2 Models and methods

We simulate the polymers using the canonical bead-spring model.^46–48 Monomers of size σ and mass m interact via the Lennard-Jones (LJ) potential with an interaction strength ε, cut-off distance r_c = 2.5σ, and unit time . Polymer chains of N monomers each are connected by the finitely extensible nonlinear elastic (FENE) bonds. We simulate the thin nanorods as rigid bodies made of beads identical to the monomers. To create a thin nanorod of length l, l/σ beads are placed along a straight line with regular spacing σ and grouped into a rigid body. The interaction between a bead of a nanorod and a surrounding monomer is the weakly attractive LJ potential with r_c = 2.5σ, which promotes the dispersion of nanorods in the melt. The interaction between two beads from two different nanorods is the purely repulsive LJ potential with r_c = 2^1/6σ, which prevents the aggregation of the nanorods.

Nanorods and polymers were placed in a cubic box with side length L and periodic boundary conditions in all three directions. Each sample was equilibrated at temperature T = 1.0ε/k_B and pressure P = 0. The equilibration was performed with a Nosé–Hoover thermostat/barostat applied to the polymer chains.
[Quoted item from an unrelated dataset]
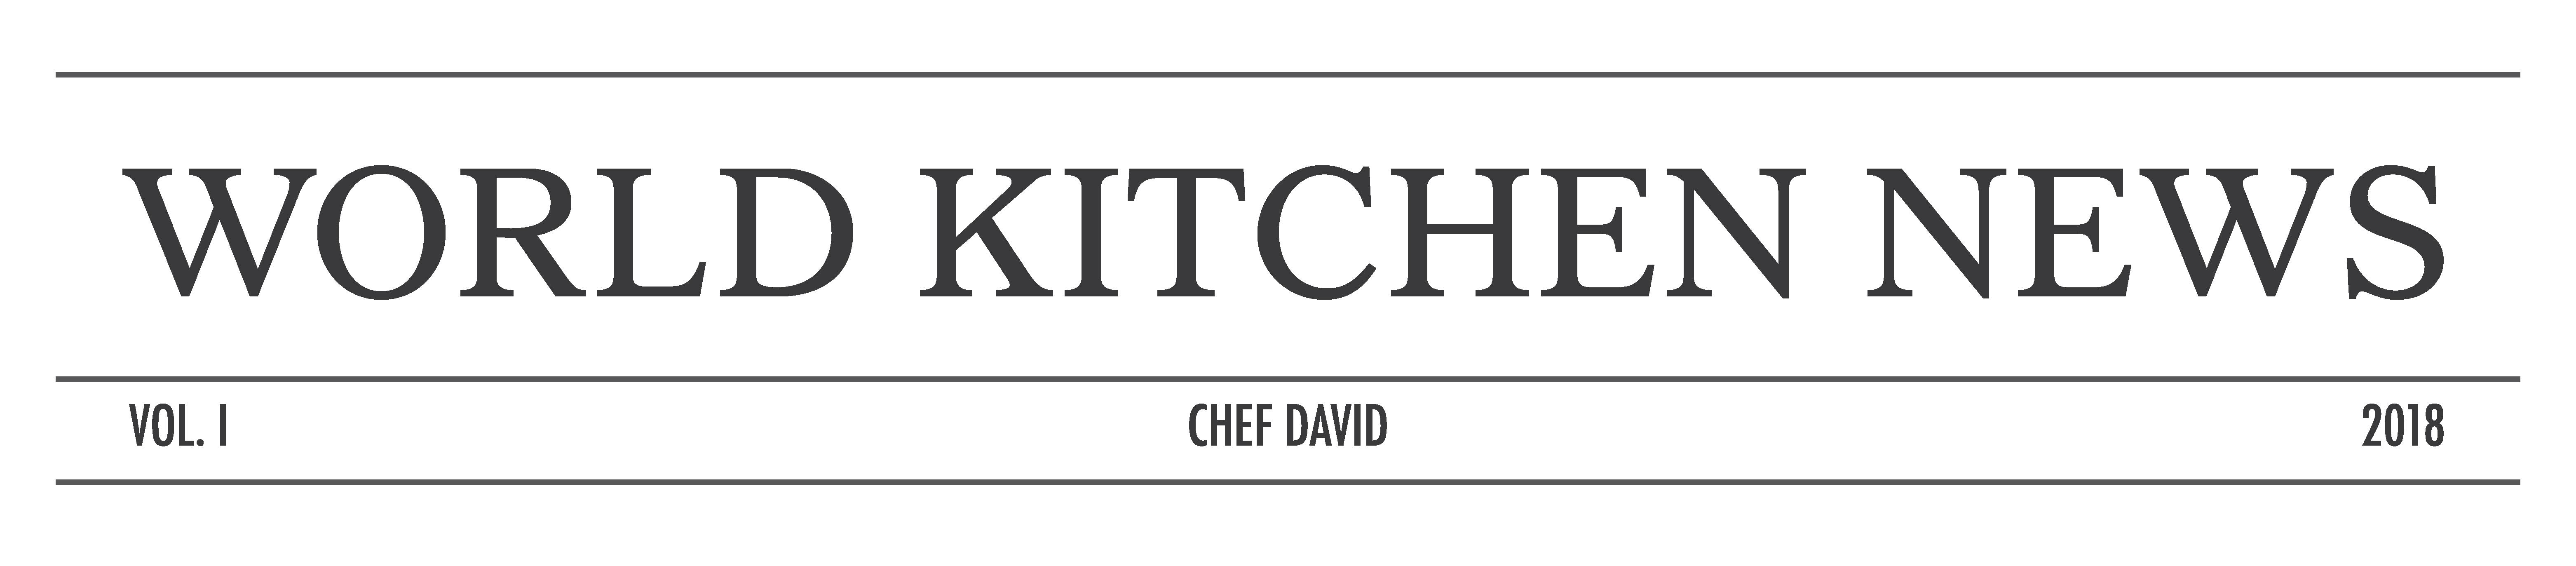 saigon hoisin sauce Archives | World Kitchen - Private Chef Services ...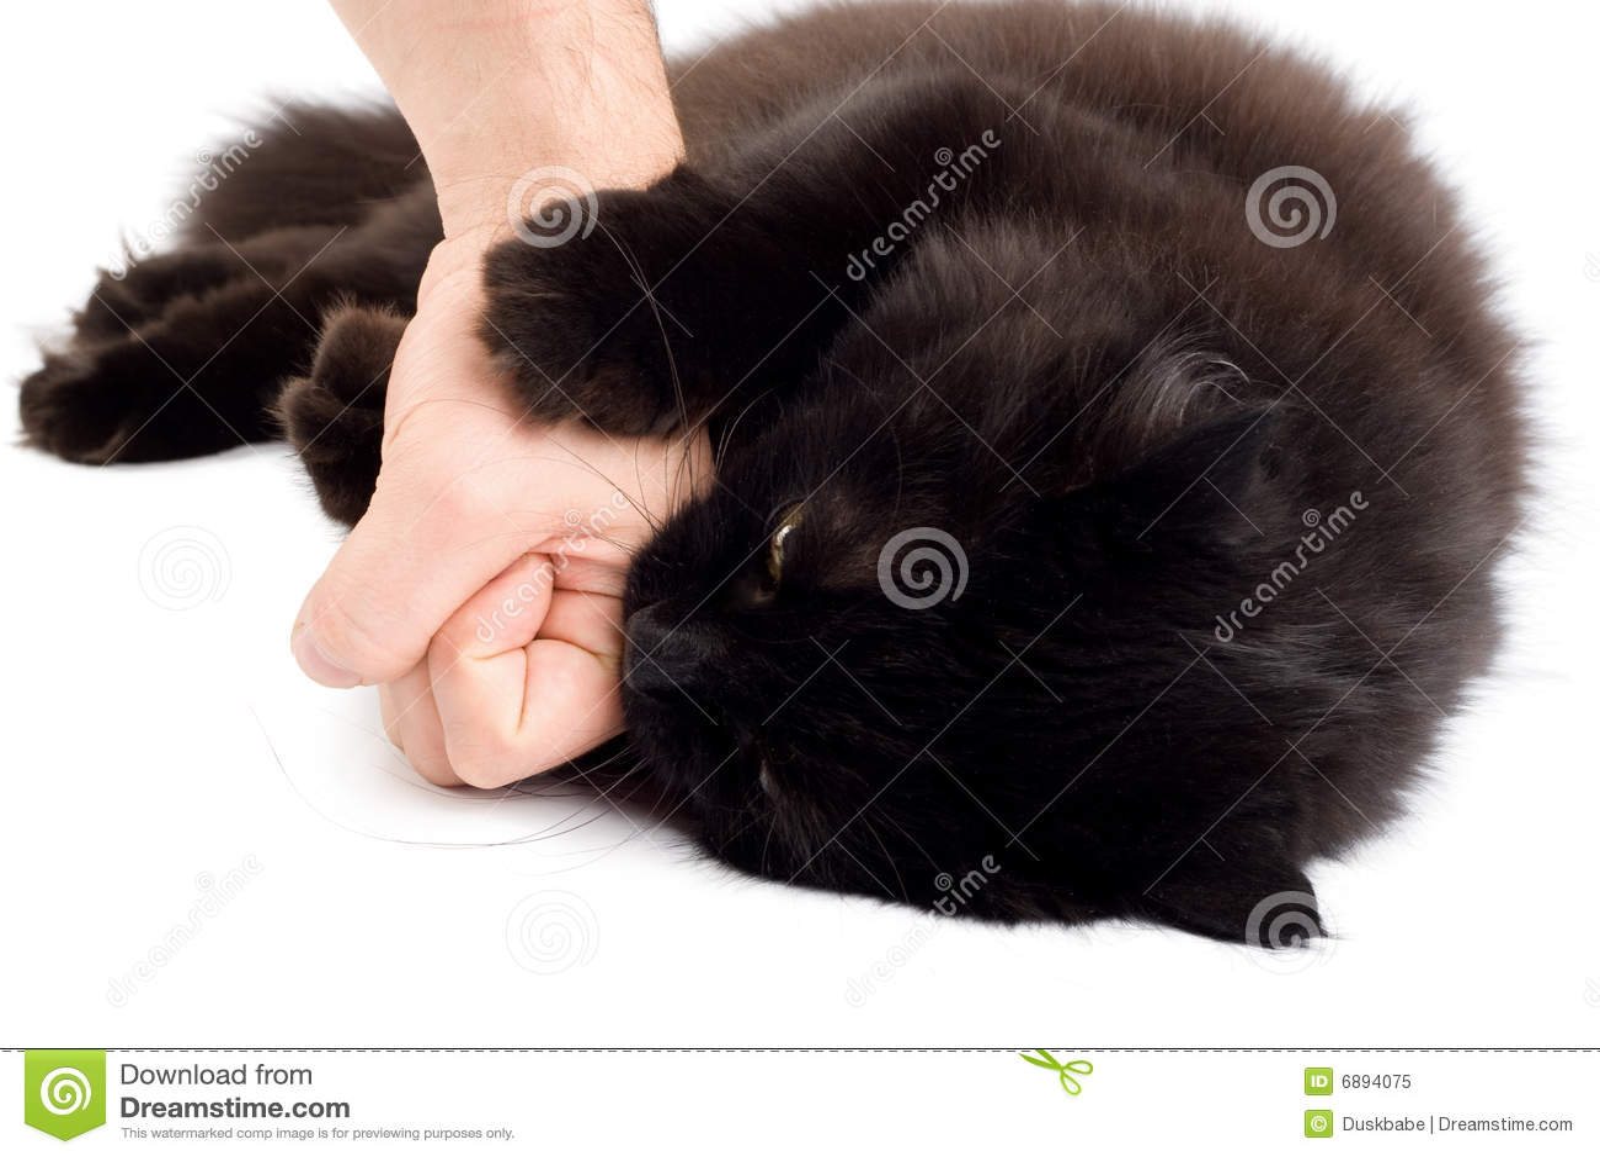 cat bite fever treatment

A Nosé–Hoover thermostat was applied to both the translational and rotational degrees of freedom of the rigid nanorods. The characteristic damping time of the thermostat was 10τ, and that of the barostat was 100τ. The equilibration run lasted for a time that is much longer than the diffusion time of the polymer chains. There are two sets of simulation samples. In one set, the polymer chain length N = 16, and the rod length l = 4σ, 8σ, 16σ, and 32σ. In the other set, N = 64, while l = 4σ, and 8σ. The first set corresponds to l comparable to and larger than the root-mean-squared end-to-end size of the polymer chain, R = 4.7σ. The second set corresponds to l < R = 10.1σ. In all samples, the number of nanorods is N_r = 27, while the number of polymer chains N_c varies. Multiple nanorods are simulated simultaneously for a better statistical average of the dynamics data. As shown in Table 1, the volume fraction of the nanorods ϕ_r = N_rlσ²/L³ is less than 0.07%, and the volume fraction of the excluded volume ϕ_exl = N_rl²σ/L³ is less than 2.1% in all samples. Recently, it has been shown that the organization of nanorods in polymer nanocomposites depends on the details of the nanorod model.^49,50 For the specific models of nanorods and polymers used here and the low volume fraction of nanorods in the simulations, we have confirmed that the nanorods are well dispersed without any aggregation in all samples.⁴³ Additionally, because of the low volume fraction of nanorods in the simulations and the lack of a theory for the long-range correlation of nanorod pairs, we do not attempt to quantify and correct for the effects of any long-range pair correlation on the dynamics of individual nanorods.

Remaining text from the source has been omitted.